### [AVAILABLE DATA]
....................
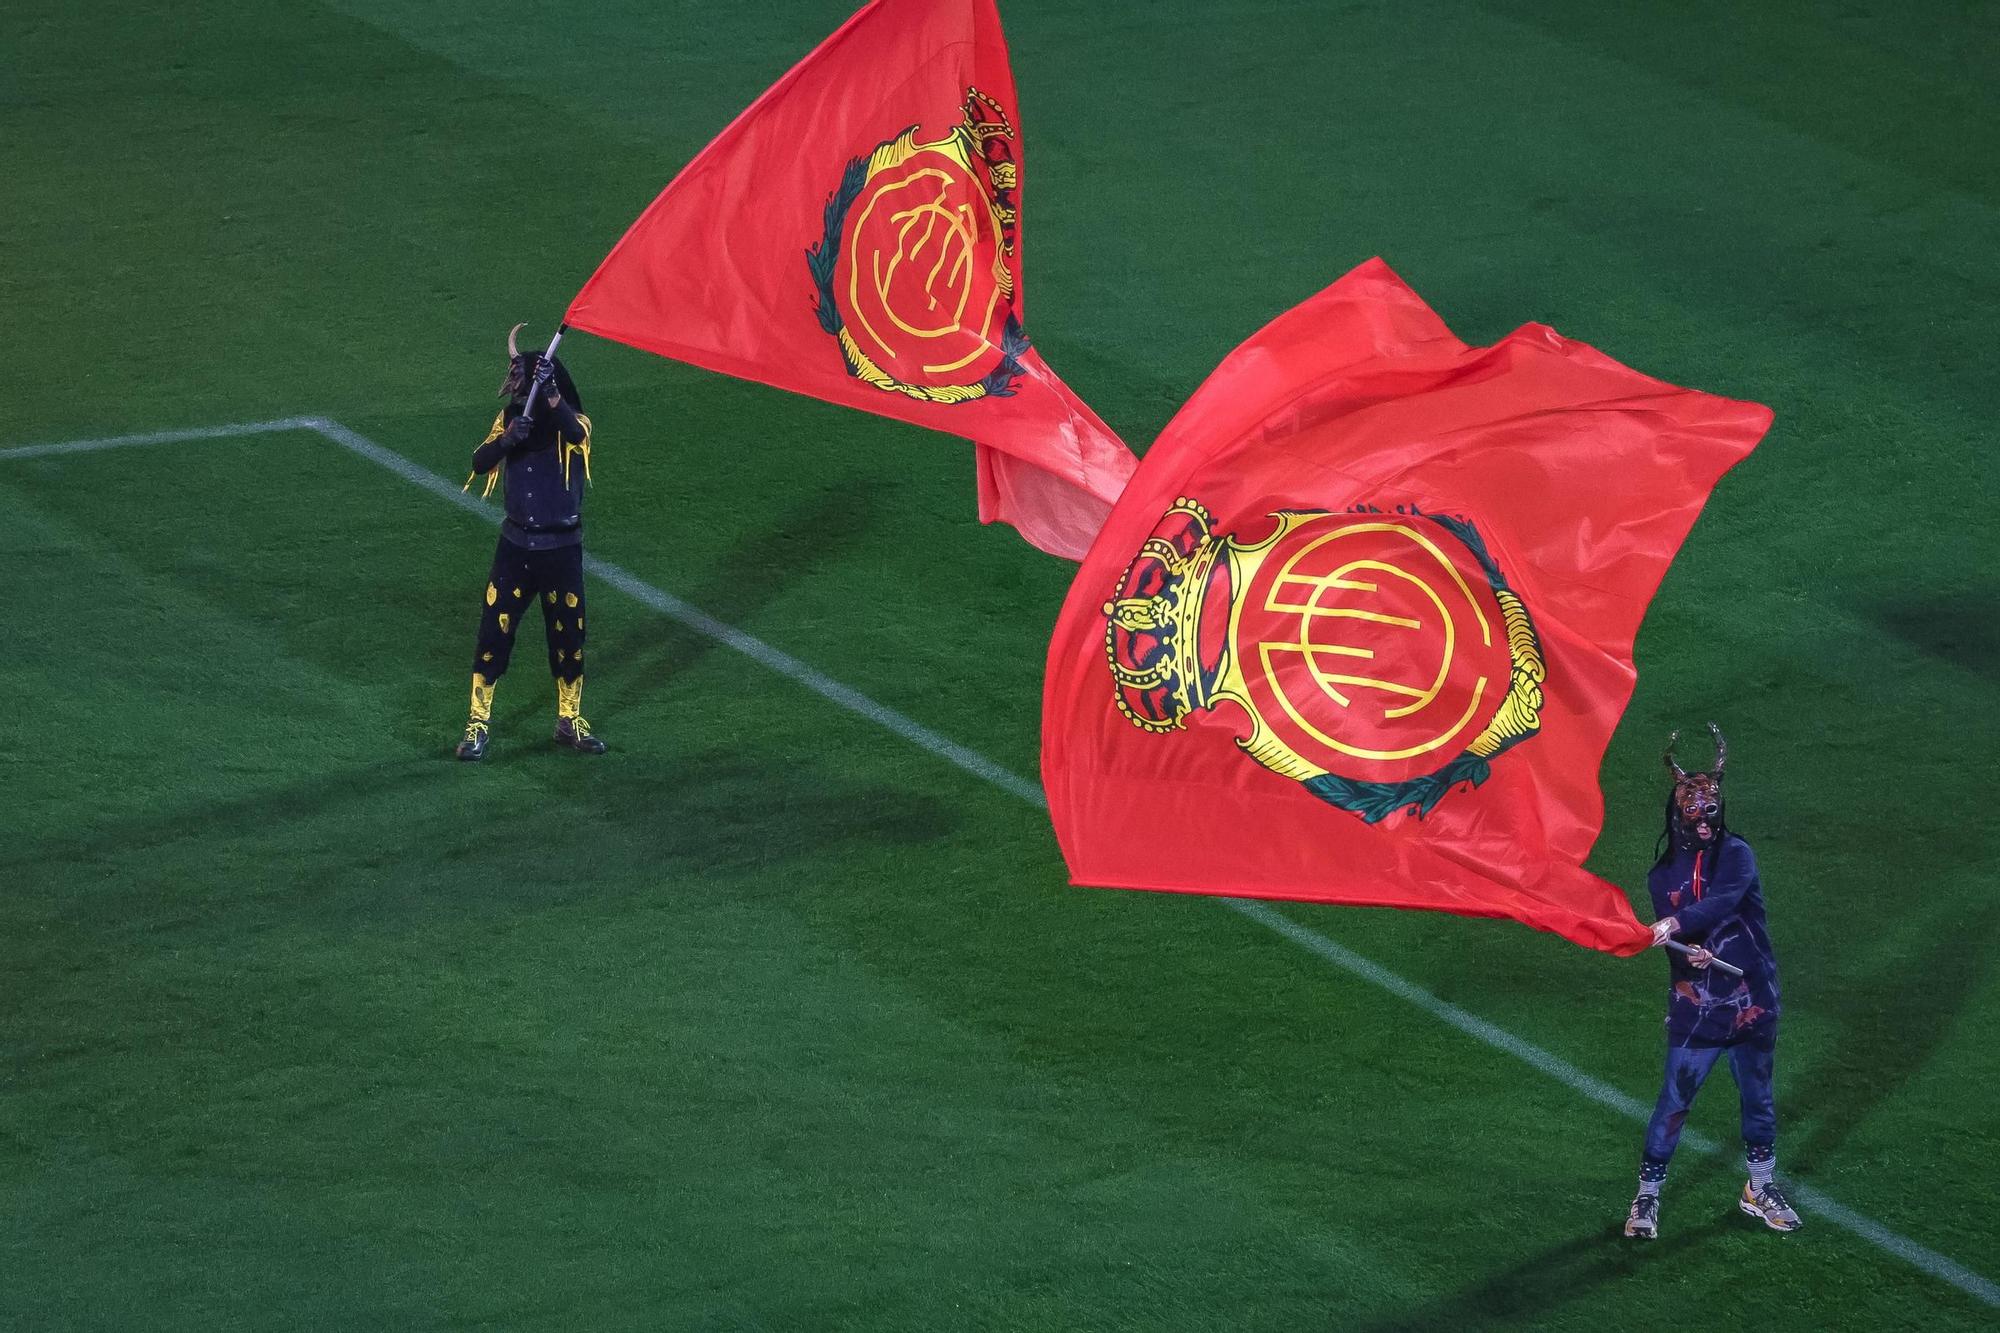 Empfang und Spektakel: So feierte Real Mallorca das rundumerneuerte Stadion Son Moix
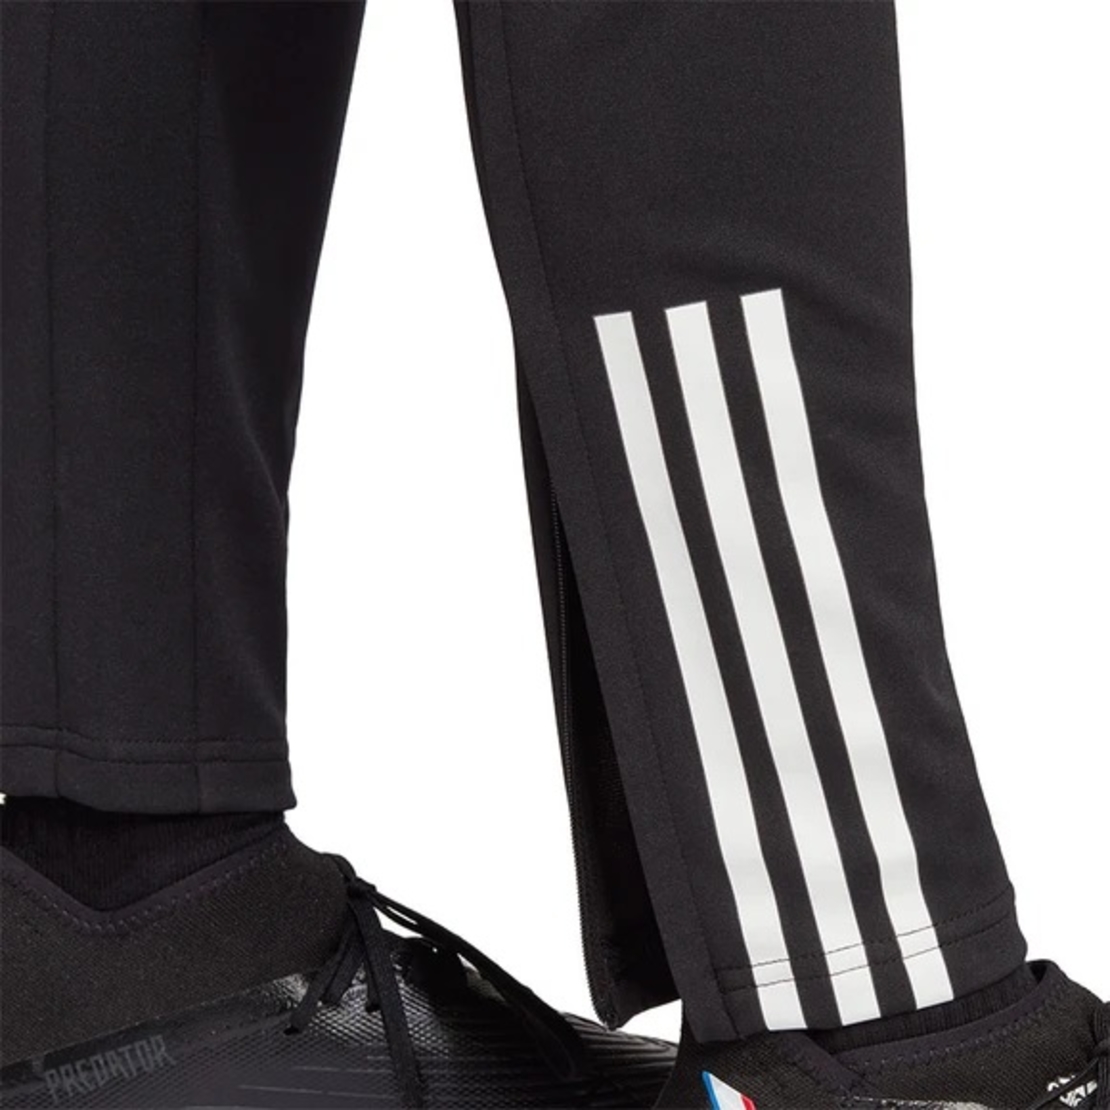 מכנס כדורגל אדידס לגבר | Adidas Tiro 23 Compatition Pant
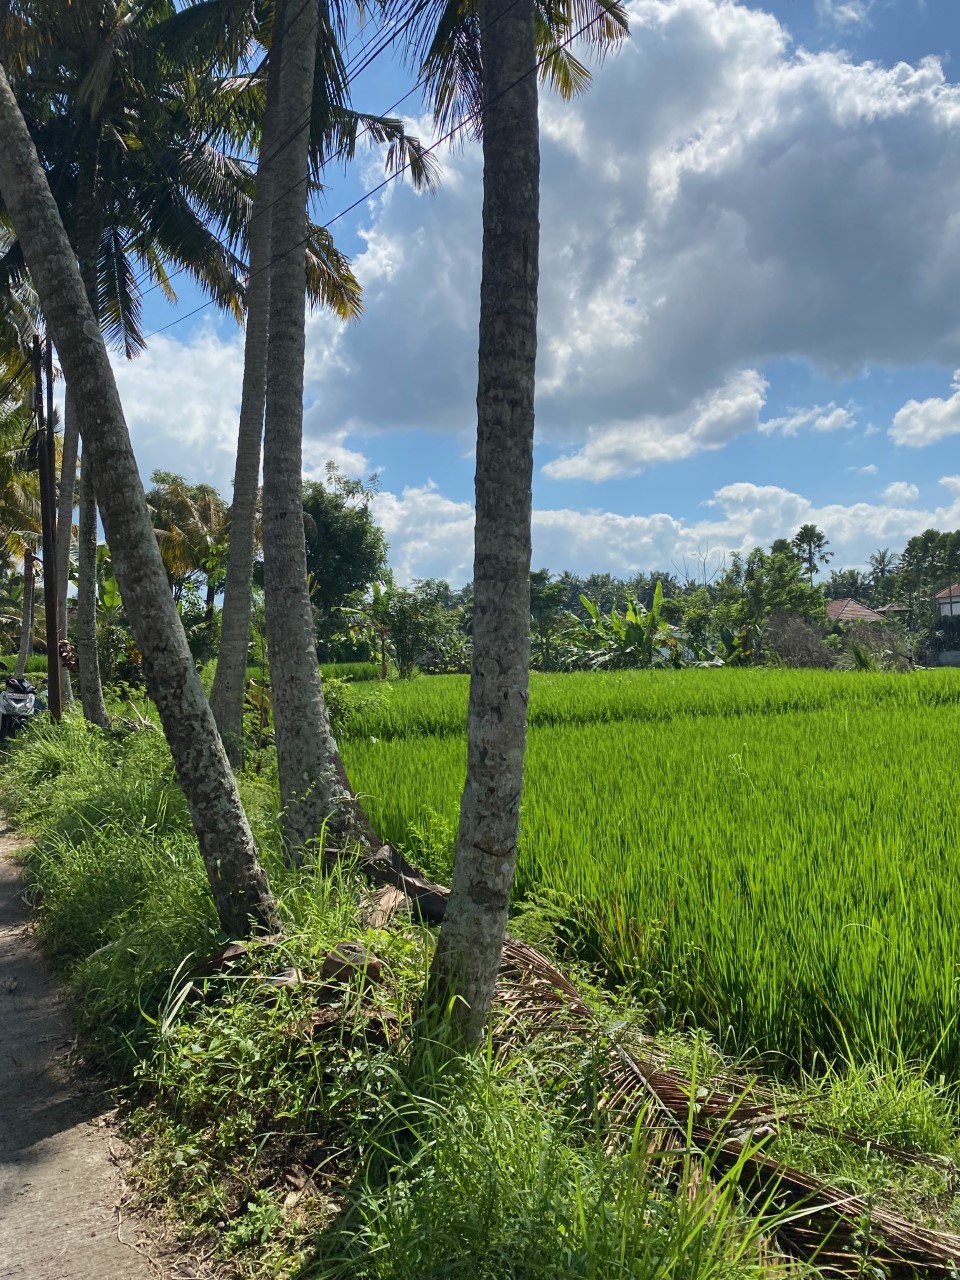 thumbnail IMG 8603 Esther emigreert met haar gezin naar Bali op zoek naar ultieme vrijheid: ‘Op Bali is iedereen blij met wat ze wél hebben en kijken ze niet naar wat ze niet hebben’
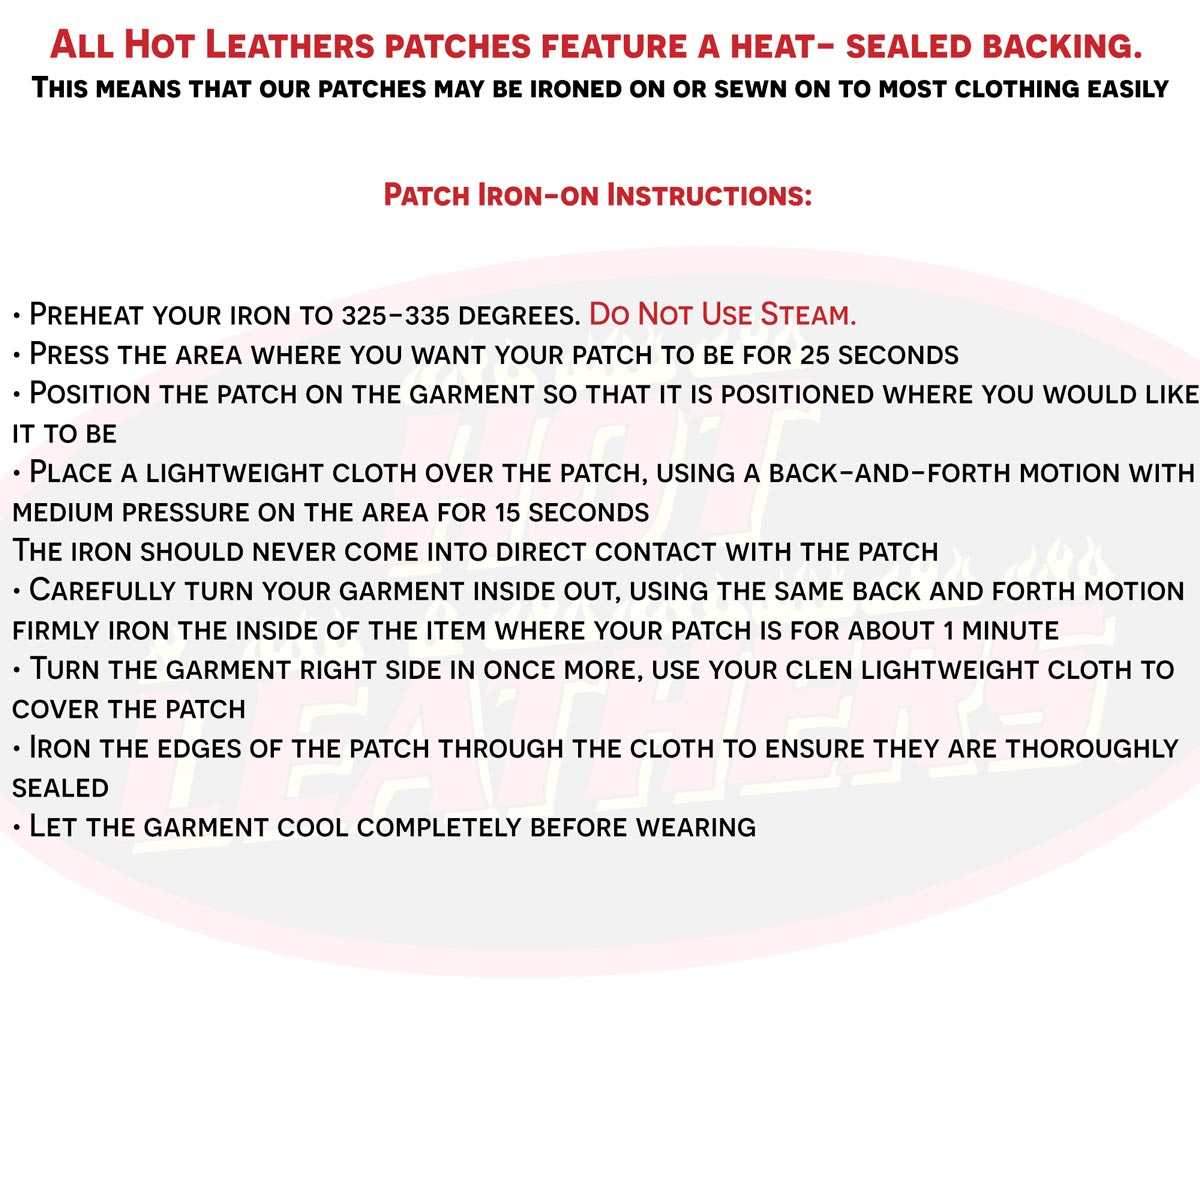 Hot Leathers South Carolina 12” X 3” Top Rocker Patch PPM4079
....................
### [EXERCISE DESCRIPTION]
Set down, word for word, the full listing above, and carry over no pictures.

### [ANSWER BOX]
 Empfang und Spektakel: So feierte Real Mallorca das rundumerneuerte Stadion Son Moix
 מכנס כדורגל אדידס לגבר | Adidas Tiro 23 Compatition Pant
 thumbnail IMG 8603 Esther emigreert met haar gezin naar Bali op zoek naar ultieme vrijheid: ‘Op Bali is iedereen blij met wat ze wél hebben en kijken ze niet naar wat ze niet hebben’
 Hot Leathers South Carolina 12” X 3” Top Rocker Patch PPM4079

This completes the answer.